The number of people affected by the drought in southern Africa was growing faster than anticipated, with 1.6 million more people now facing the prospect of hunger and starvation, a senior United Nations official who recently travelled to the region said today.
UN Deputy Relief Coordinator Carolyn McAskie told a press briefing that a new set of assessment figures indicated that the number of people in the six countries worst-hit by the food shortages - Lesotho, Swaziland, Zambia, Malawi, Zimbabwe and Mozambique - had grown to 14.4 million people, up from 12. 8 million. Meanwhile, people in neighbouring countries such as Namibia, Angola and the Democratic Republic of the Congo were also starting to feel the effects of the dwindling supply.
Ms. McAskie was briefing the press at UN Headquarters in New York following her two-week mission to the region with the UN Special Envoy for the humanitarian crisis in southern Africa, James T. Morris, and other relief officials.

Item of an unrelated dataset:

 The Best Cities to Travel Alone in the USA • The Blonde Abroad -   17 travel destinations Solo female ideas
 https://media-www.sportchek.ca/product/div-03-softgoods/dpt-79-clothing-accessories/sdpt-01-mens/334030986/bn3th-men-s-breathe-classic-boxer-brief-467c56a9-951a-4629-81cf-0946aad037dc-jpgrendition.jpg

According to Ms. McAskie, the crisis resulted from a combination of three factors. Drought and erratic rainfall affected the main food staple - maize - as that crop required the right amount of rain at the right time. The affected countries also wrestled with a development crisis, as they had serious problems in terms of agricultural, health and educational capacities. Compounding matters was the HIV/AIDS crisis.

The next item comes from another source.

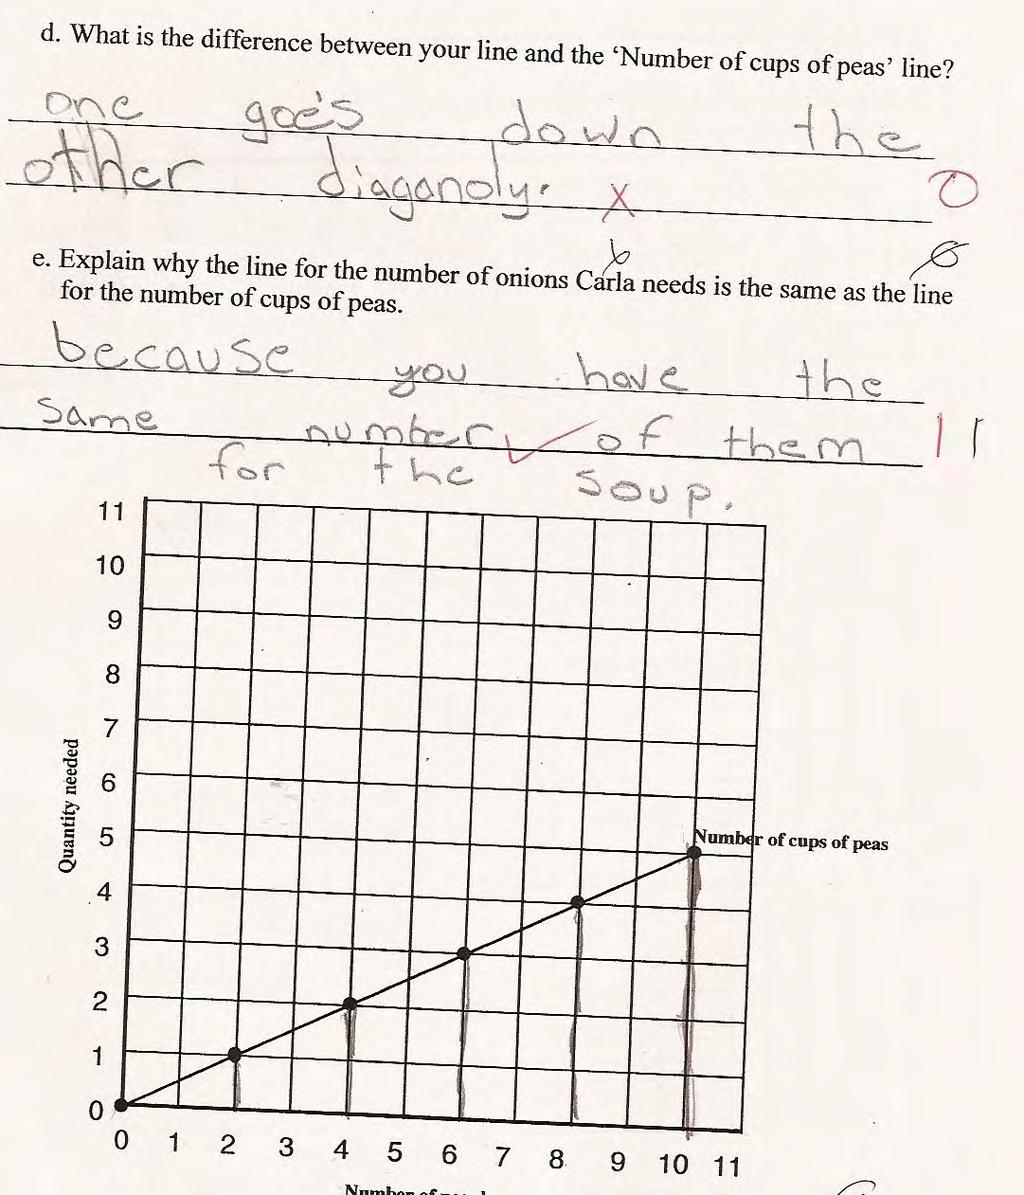 Student F also has difficulty with graphing.

"Not until you go there, do you realize how terribly devastating it is," she said. The report of the Special Envoy, to be ready in a few days, would indicate that the current crisis was "a crisis like none other."

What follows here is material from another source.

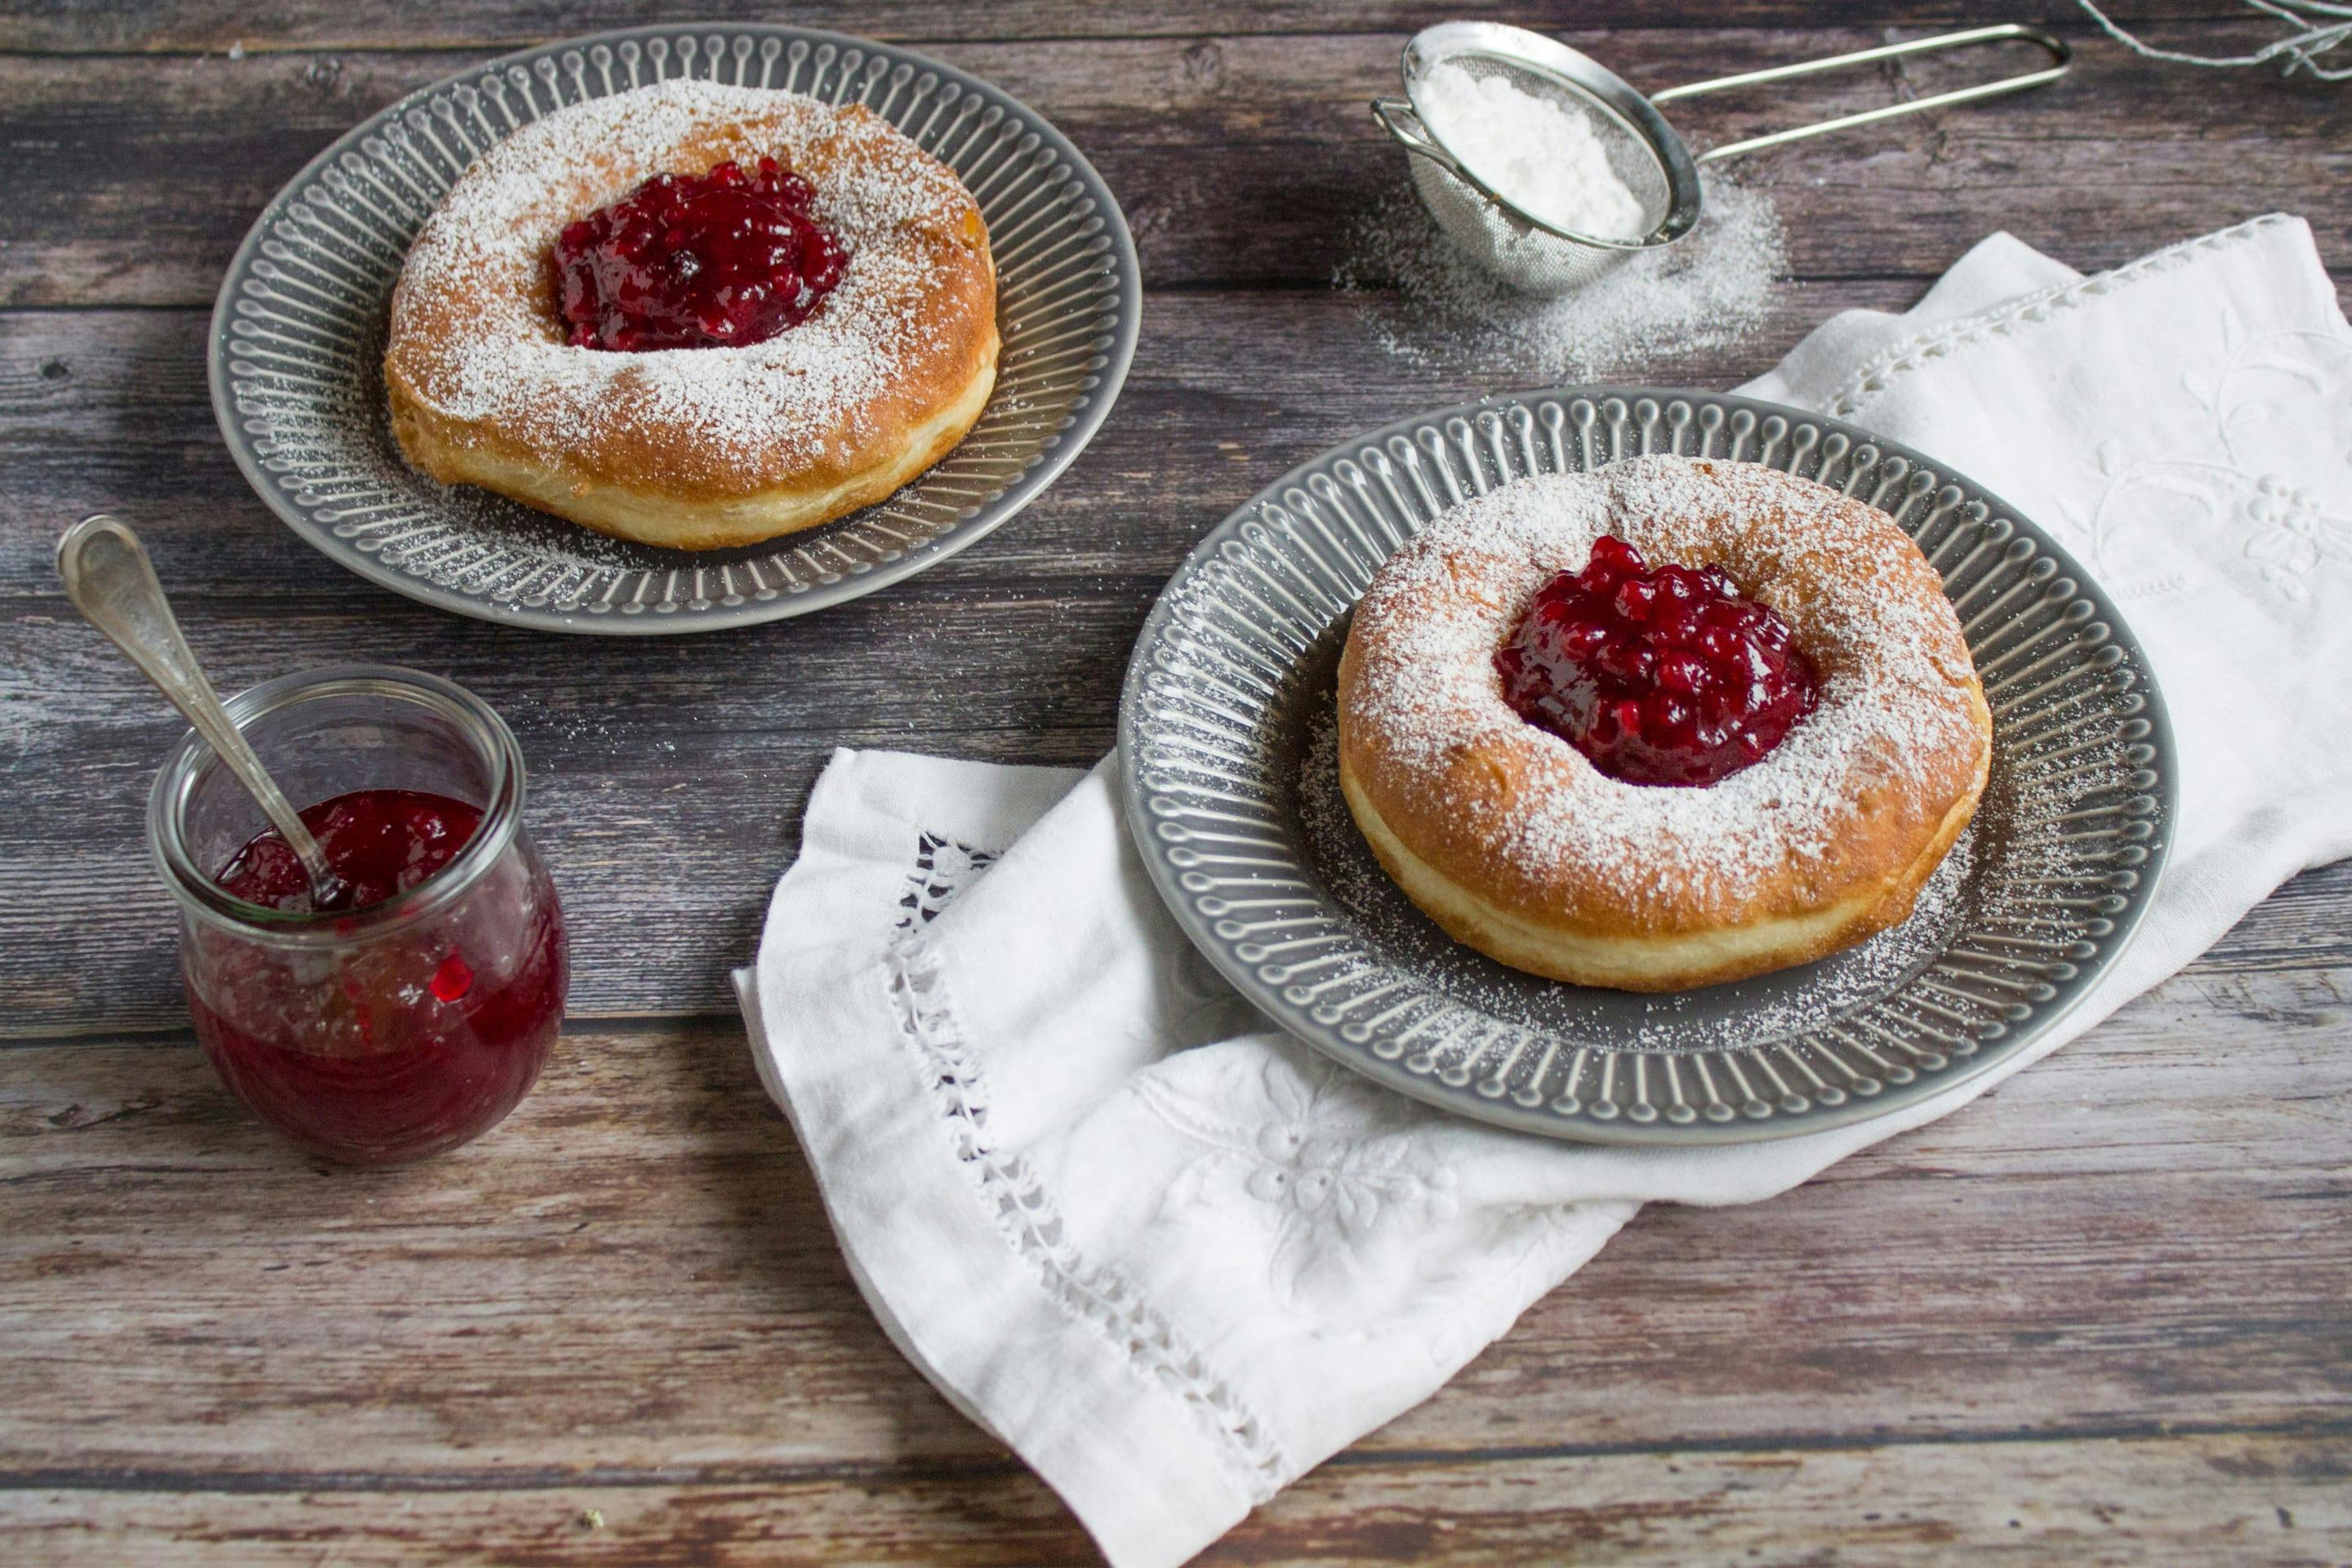 Farmer's donuts with lingonberry jam.

The UN has appealed for $611 million, of which $507 million was for food and $105 million for interventions in the health, nutrition and agriculture sectors, Ms. McAskie said, adding that while she was confident reasonable amounts of food aid could be provided, there would probably still be a shortage of close to a million metric tons.
As for the issue of genetically modified organisms (GMOs), Ms. McAskie said five of the six countries she had visited had agreed to accept GMOs, provided it was milled before contribution. The Governments had accepted that the food was fit for human consumption but did not want the grains to take root in their land. The food must also meet the standards of the United Nations and the UN World Food Programme (WFP) and be certified safe for consumption in the donating country.